Milagros vivía, en su pisito diminuto, al lado del Tanatorio. Me acordé, de pronto, de cuando Milagros y yo íbamos con el taxi de madrugada a tomarnos un gin-tonic al bar del Tanatorio, y teníamos el cuajo de estar allí bebiendo una copa, rodeadas de gente llorando que entraba y salía. Realmente, si te pones a pensarlo en frío, cuando eres joven tienes muy poca sensibilidad, porque yo no recuerdo haberme sentido incómoda en ningún momento por estar allí bebiéndome mi gin-tonic con pajita en un ambiente de tanto sufrimiento. Y aunque la idea de ir al Tanatorio surgió de Milagros, porque le había dicho su tío Cosme que ahí recalaban muchos taxistas porque el café era buenísimo y porque sabían que lo bueno del Tanatorio era que nunca te lo ibas a encontrar cerrado, yo, siendo justa, no puedo echarle la culpa de todas nuestras excentricidades a Milagros. Ella tenía la disculpa de su infantilismo pero yo, descontando mi tendencia a la depresión, siempre he tenido la cabeza en mi sitio. Más bien, habría que pensar que la juventud es esa edad en que la filosofía vital consiste en que los demás (el prójimo) son unos gilipollas y la desgracia ajena es eso, ajena.

Si me ponía a pensar, gran parte de mis recuerdos estaban relacionados con la loca de Milagros. Y ahora, fíjate por dónde, iba a su casa, en la que sólo había estado, por cierto, dos o tres veces desde que la compró, porque ni me gusta viajar en metro (menos teniendo que hacer transbordos), ni me gusta ir a la casa de la gente, porque tengo que celebrar cómo está decorada la casa y la comida que te preparan y los niños que tienen, ni me gusta estar obligada a quedarme un rato después de las comidas, no sé lo que hacer y me siento incómoda y no sé cuándo es el momento en el que esa familia o esa persona quiere que me vaya. Prefiero quedar en los bares y si me harto, me largo.

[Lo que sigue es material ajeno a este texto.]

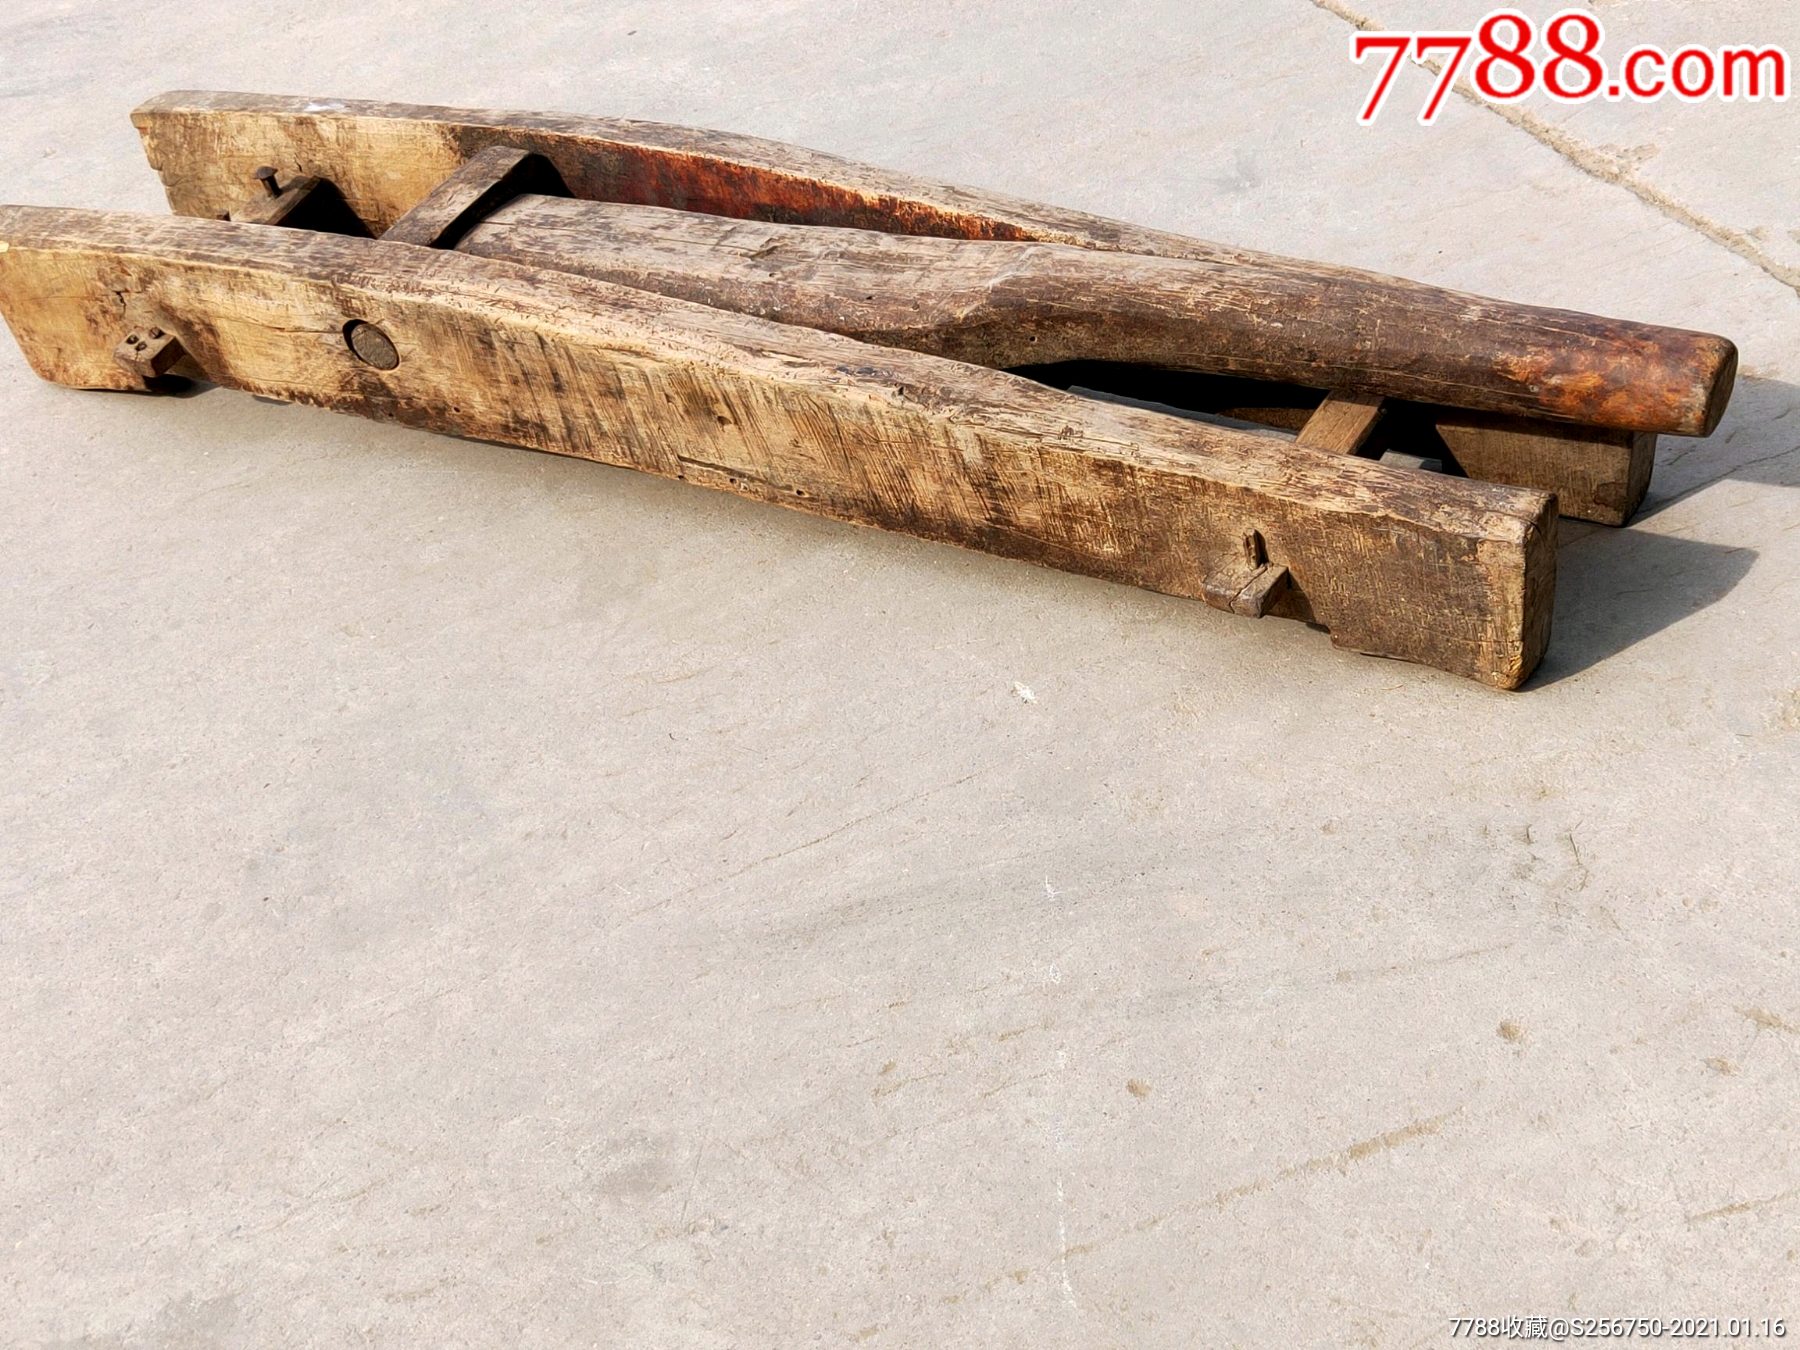 古代审犯人用的刑具夹棍品相如图材质核桃木完整包老尺寸901

El niño cambiaba mucho las cosas. Si Milagros lograba salir del lío en el que se había metido y conseguía que no le arrebataran a la criatura (yo en ese momento no me podía imaginar cómo) tendría alguien en la vida en quien pensar que no fuera yo. Yo, yo, yo, el centro de su vida, estaba pasando a segundo plano. Y de pronto, me daba cuenta de que me sentía algo celosa y no sabía cómo reaccionar ante ese sentimiento. Milagros, la madre. Y yo, la tía. ¿No había querido librarme de ella toda la vida? Pues ahora existía una razón poderosa para que me dejara en paz. Pero en vez de estar aliviada, me sentía, de pronto, un poco sola en el mundo. Tenía que reconocer, pensé, que no sólo Milagros era una persona especial, yo a veces también era un poco retorcida.

Llamé al timbre. La voz de Luis Miguel inundaba el descansillo, bajaba por la escalera hasta el piso de abajo. «El día que me quieras, bajo el azul del cielo, las estrellas celosas, nos mirarán pasar.» Milagros abrió. Nos quedamos mirando la una a la otra sin decir nada, como si de pronto sintiéramos vergüenza, la que sienten los niños cuando vuelven a la escuela después de no haberse visto durante el verano. Yo con las dos manos ocupadas, los pastelillos, las flores.